*Your task:* Reproduce from the records below, with no pictures, exactly the lines between the one containing "The two Portland" and the one containing "For example, Real-Time", inclusive.

*Exercise material:*
++++++

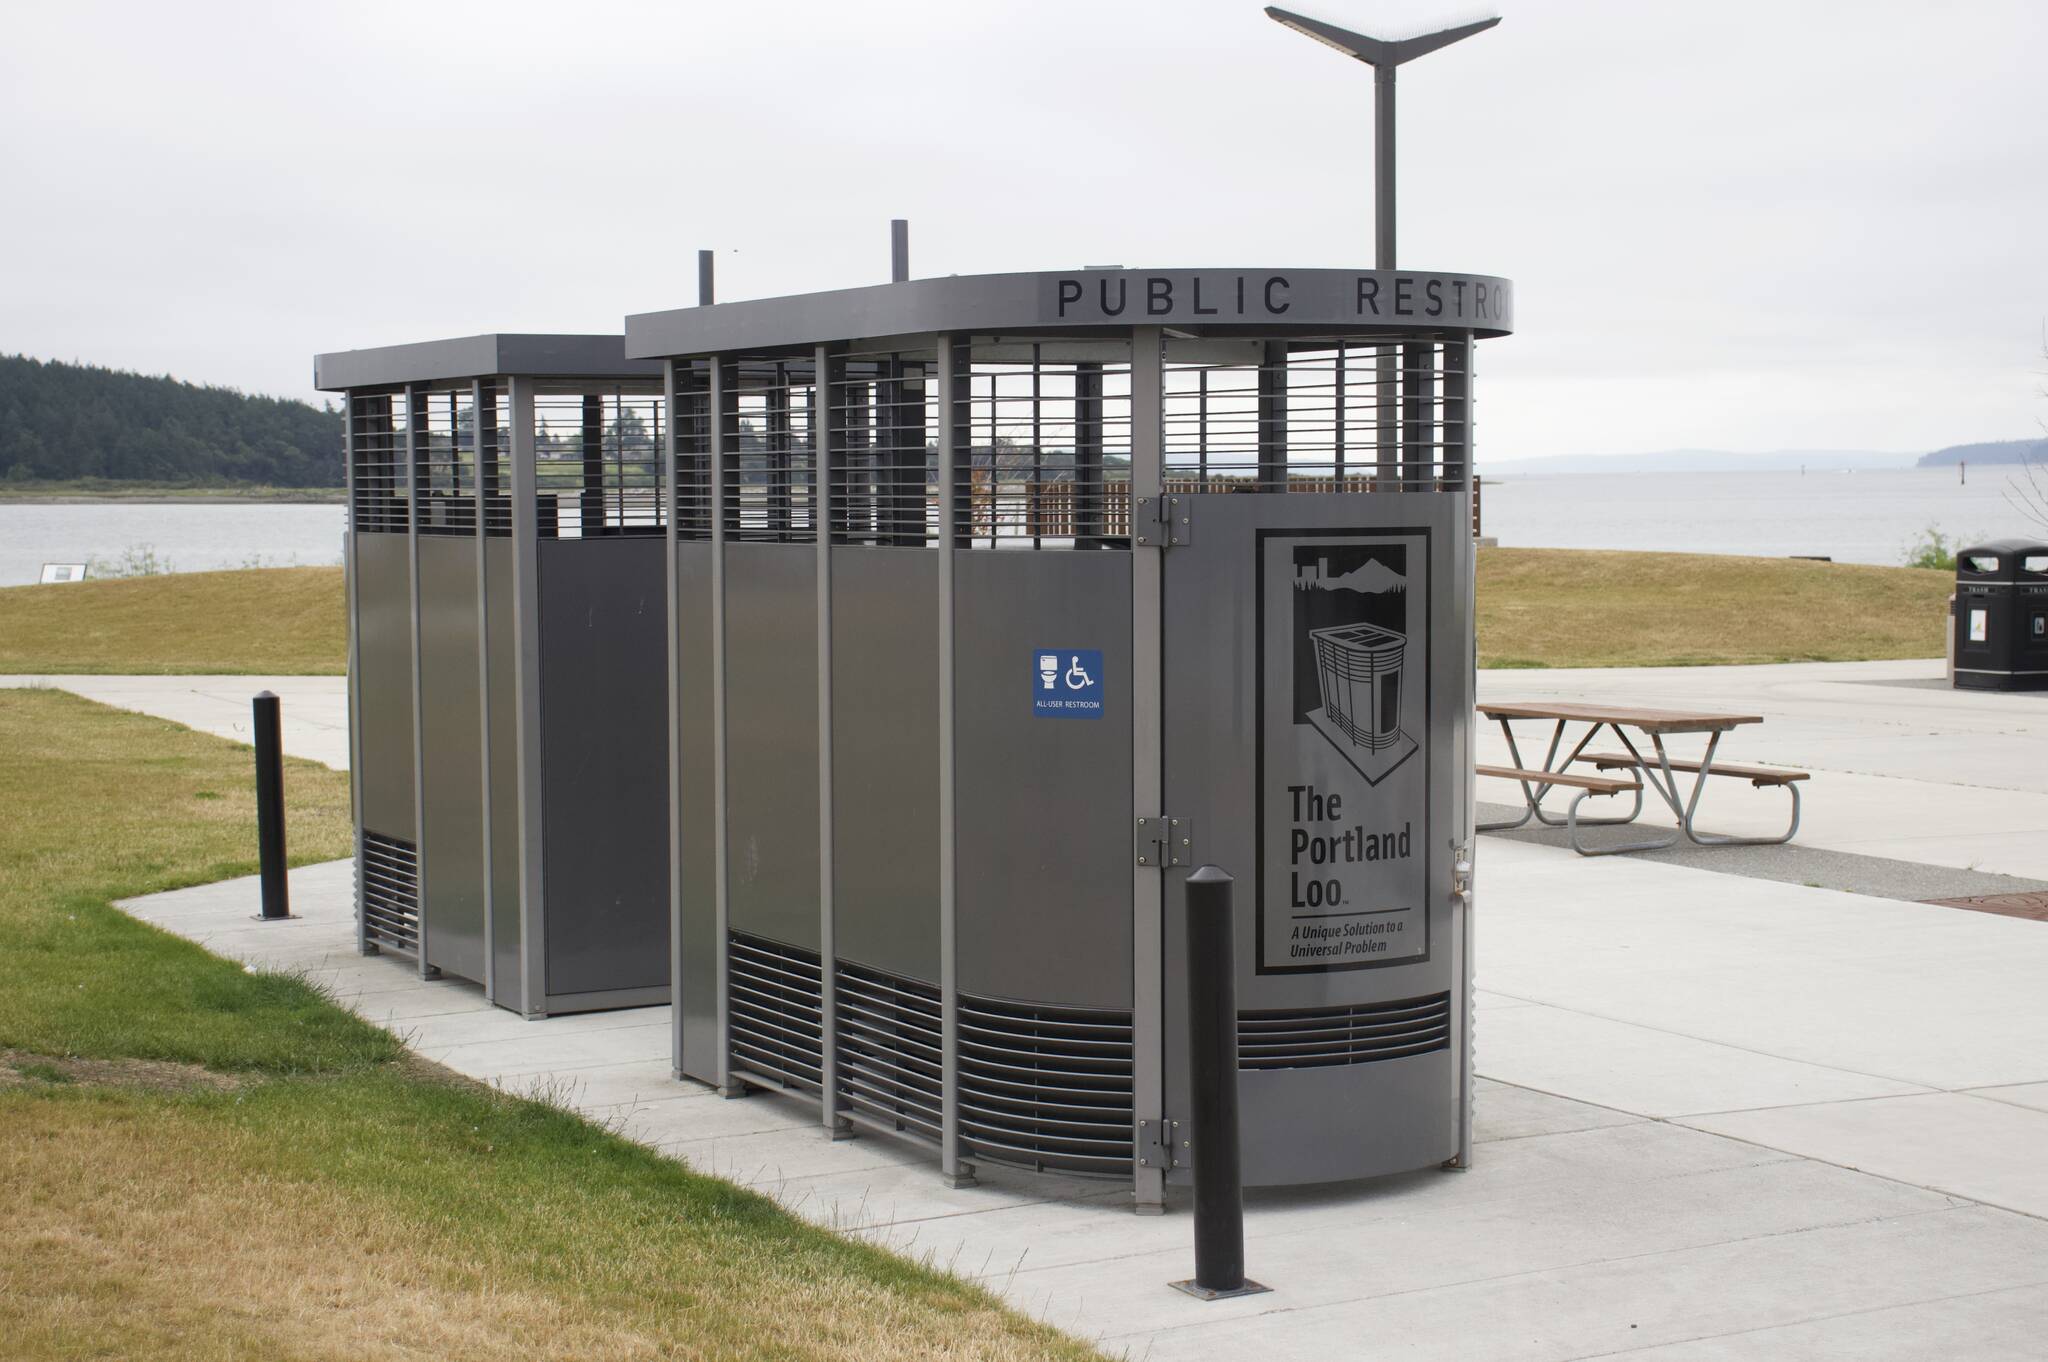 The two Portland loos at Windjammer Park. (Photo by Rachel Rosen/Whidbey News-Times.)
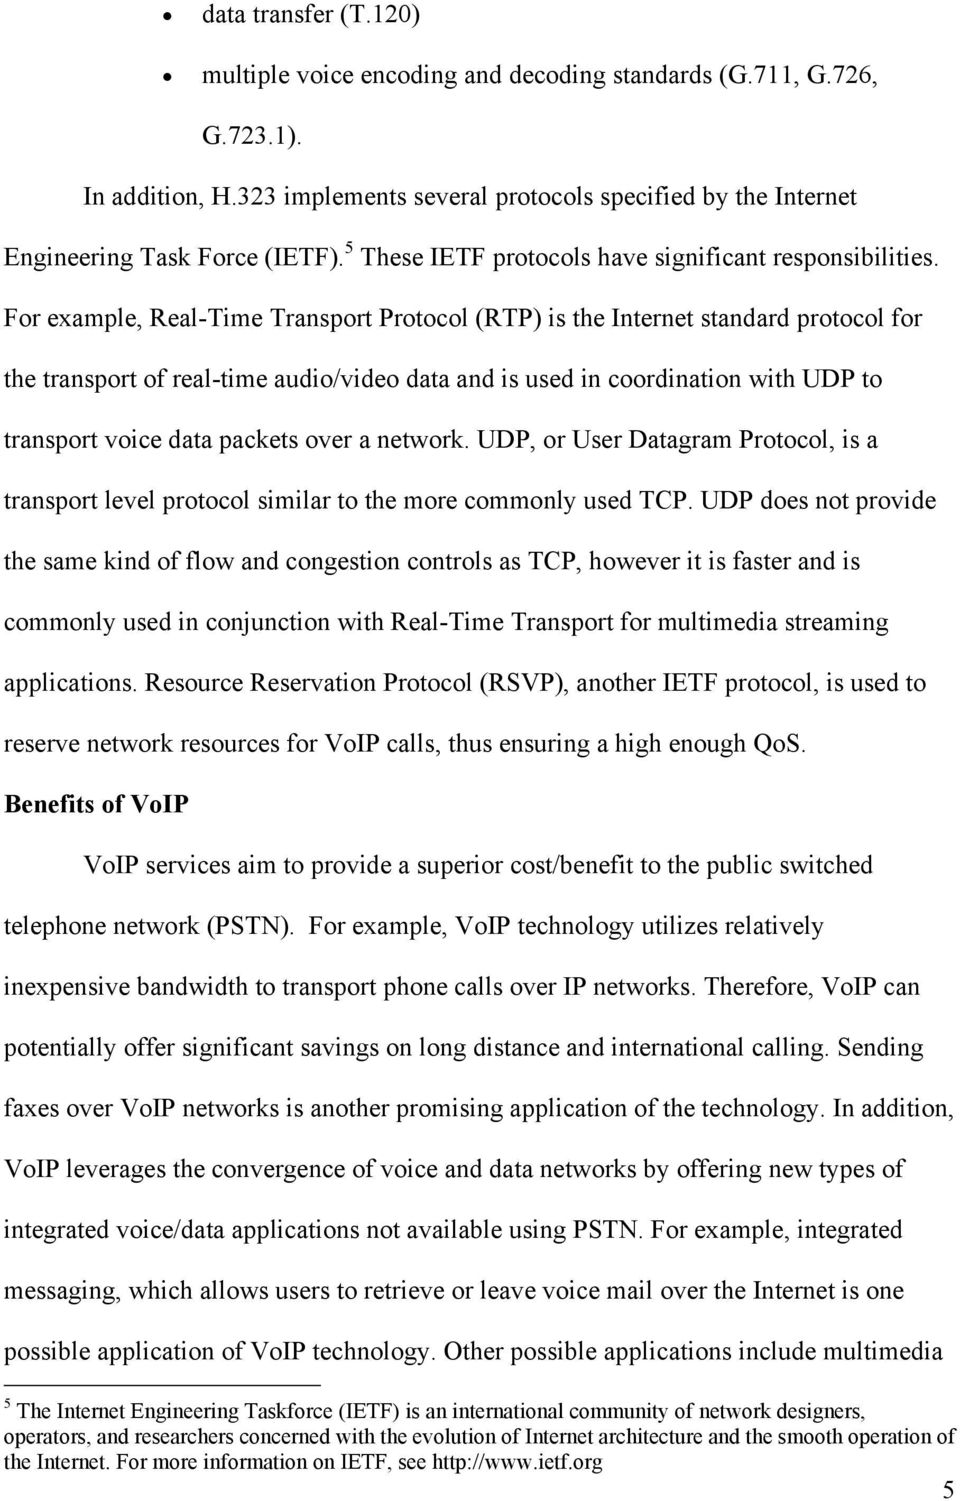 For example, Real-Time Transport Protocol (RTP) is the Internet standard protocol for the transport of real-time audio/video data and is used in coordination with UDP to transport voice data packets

++++++

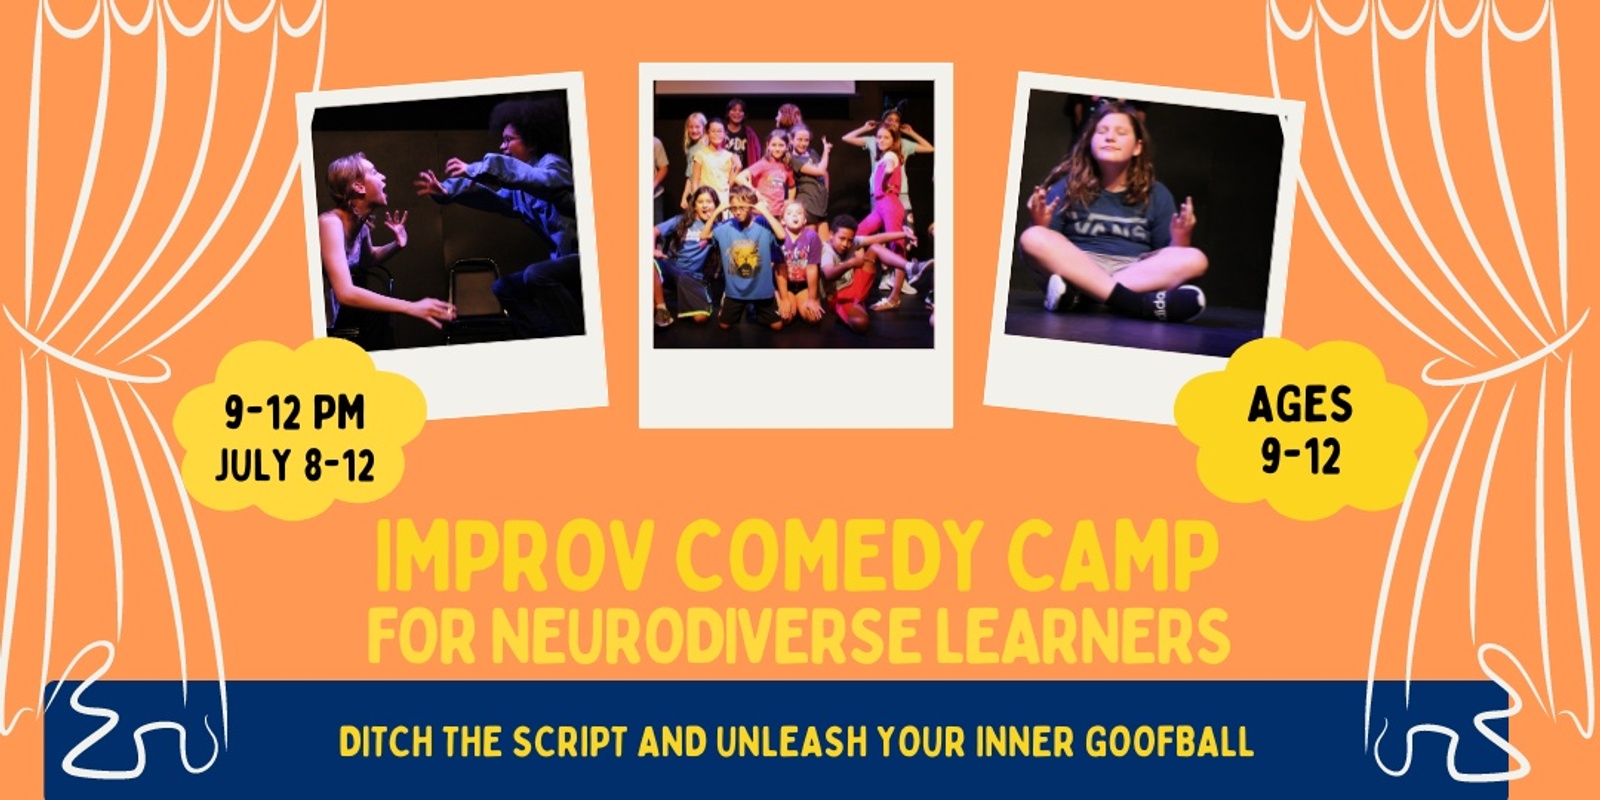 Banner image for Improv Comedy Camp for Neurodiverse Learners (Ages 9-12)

++++++

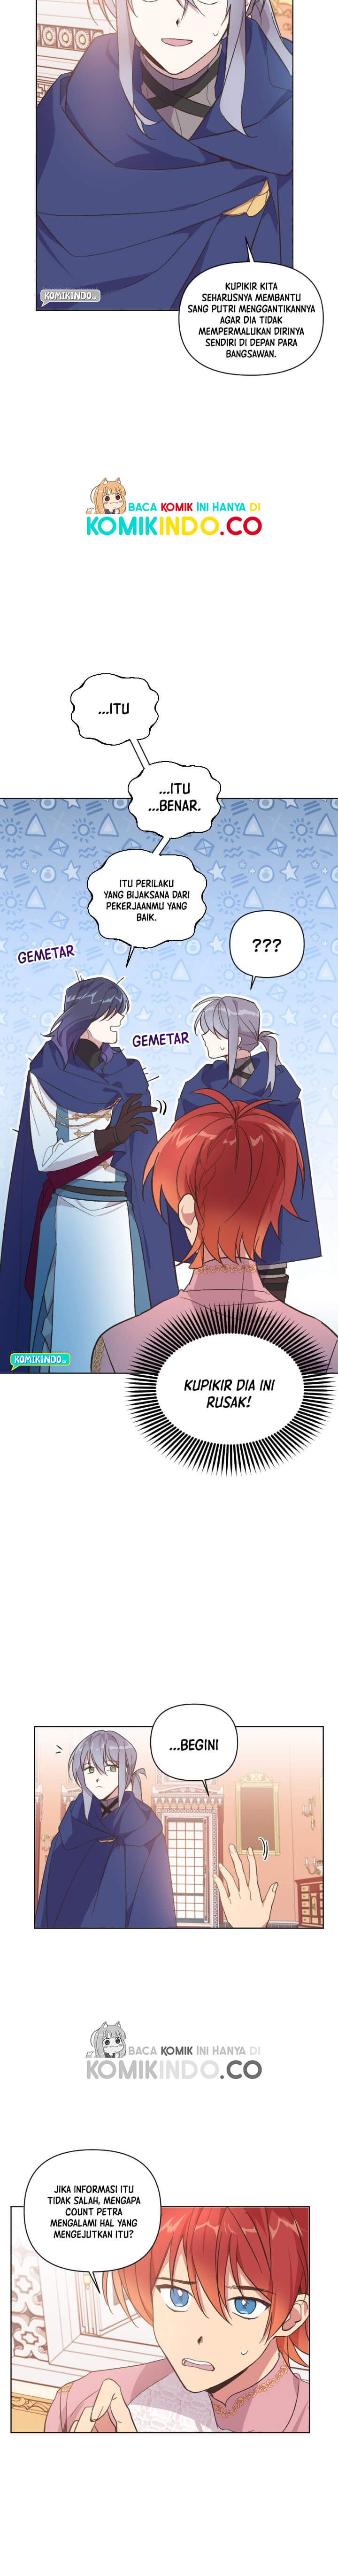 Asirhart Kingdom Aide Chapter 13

++++++

*Reply to the task:*
 The two Portland loos at Windjammer Park. (Photo by Rachel Rosen/Whidbey News-Times.)
 For example, Real-Time Transport Protocol (RTP) is the Internet standard protocol for the transport of real-time audio/video data and is used in coordination with UDP to transport voice data packets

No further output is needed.